In its heyday, the area attracted many soldiers looking to get tattooed. Anywhere from 300 to 500 tattoos were made in the Hotel Street district on any given day. Among tattoo artists, Sailor Jerry soon gained notoriety as one of the scene’s most celebrated figures with his portfolio of colorful and patriotic designs. The artist is also known for developing innovative techniques that allowed ink to settle better on skin.

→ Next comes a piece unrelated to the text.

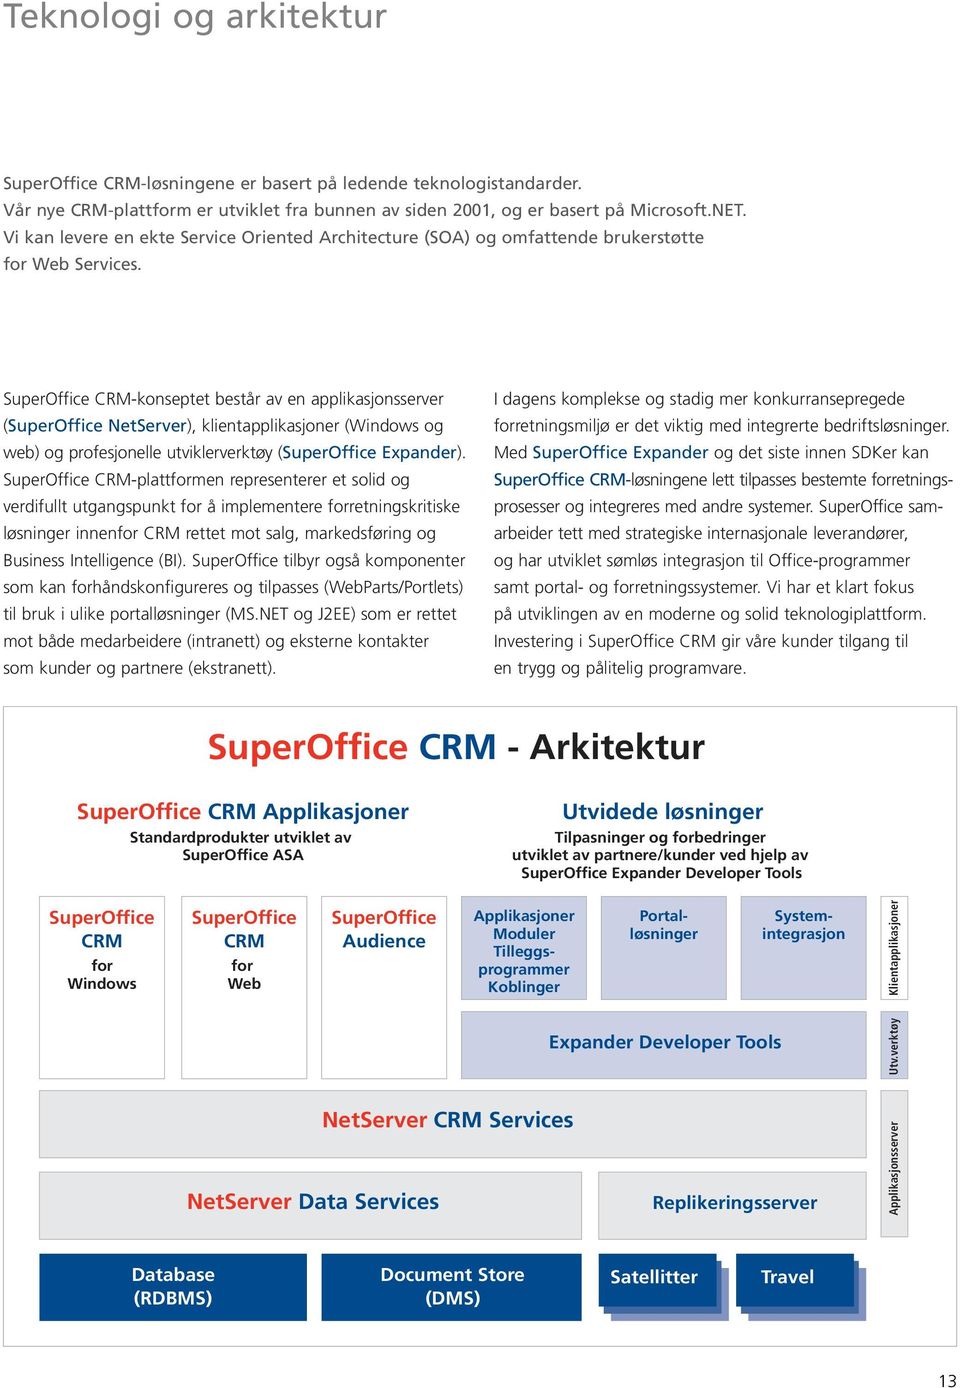 SuperOffice CRM-konseptet består av en applikasjonsserver (SuperOffice NetServer), klientapplikasjoner (Windows og web) og profesjonelle utviklerverktøy (SuperOffice Expander).
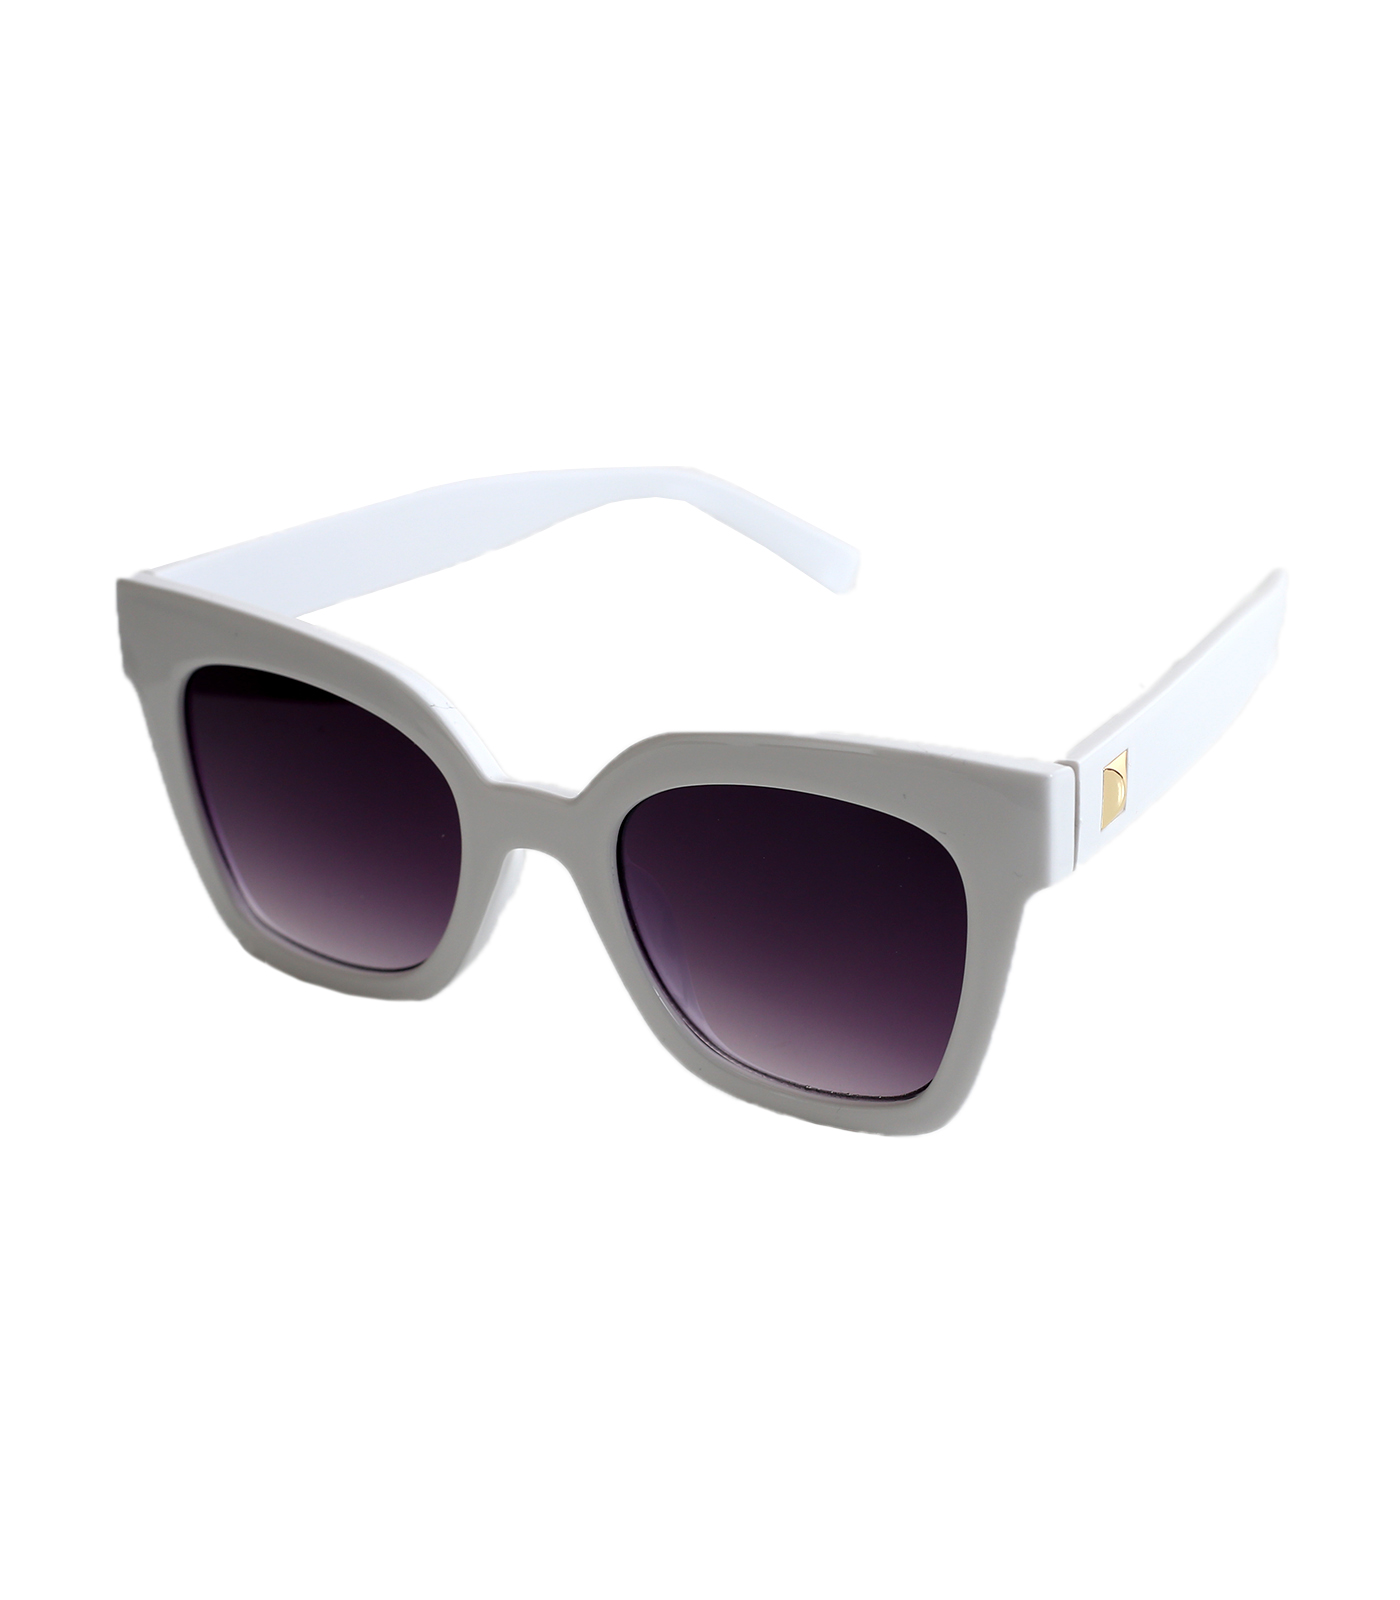 Ορθογώνια γυαλιά ηλίου κοκάλινα (Μπεζ) 5621

Ironically, most of Sailor Jerry’s artwork was directly influenced by the Japanese art style, in spite of WWII being a time of strong anti-Japanese sentiment. Although tattooing was made illegal in American territory in 1961 due to health concerns, specifically the threat of Hepatitis C, underground tattooing culture kept booming for the next three decades.
The Tattoo Industry Today
A 2018 study by Berlin-based startup, Dalia Research, found that an average 38% of interviewees have at least one tattoo. Out of them, ¾ have at least two tattoos or more. Italy ranks as the country with the most tattooed respondents with 48%, closely followed by the US, at 47%
Contrary to what you might expect, there’s a higher concentration of tattooed people among the ages of 30 to 49 with 45%, than there is in the younger age group of 14 to 29, where 32% of respondents have admitted to partake in tattoo culture. The same study also found tattoos to be more common in those with higher levels of education.
Finally, the survey set out to find out which country ranked the highest on people who regretted getting a tattoo. The results placed Sweden in the first place, closely followed by Denmark, and Israel with 37% each.
In sum, the meaning of tattoos, as well as their usage, has undeniably evolved through the ages. It seems tattoos always accompany humanity no matter the geographical location. And, even though this art form has been subject to banning in many places, at many times, the tattoo industry has achieved some newfound respect over the past decades.
So, whether it be a form of religious expression, self-determination, or pride, the human need to use our bodies as a manifestation of personal identity will remain an inevitability that will keep naturally occurring for many years to come.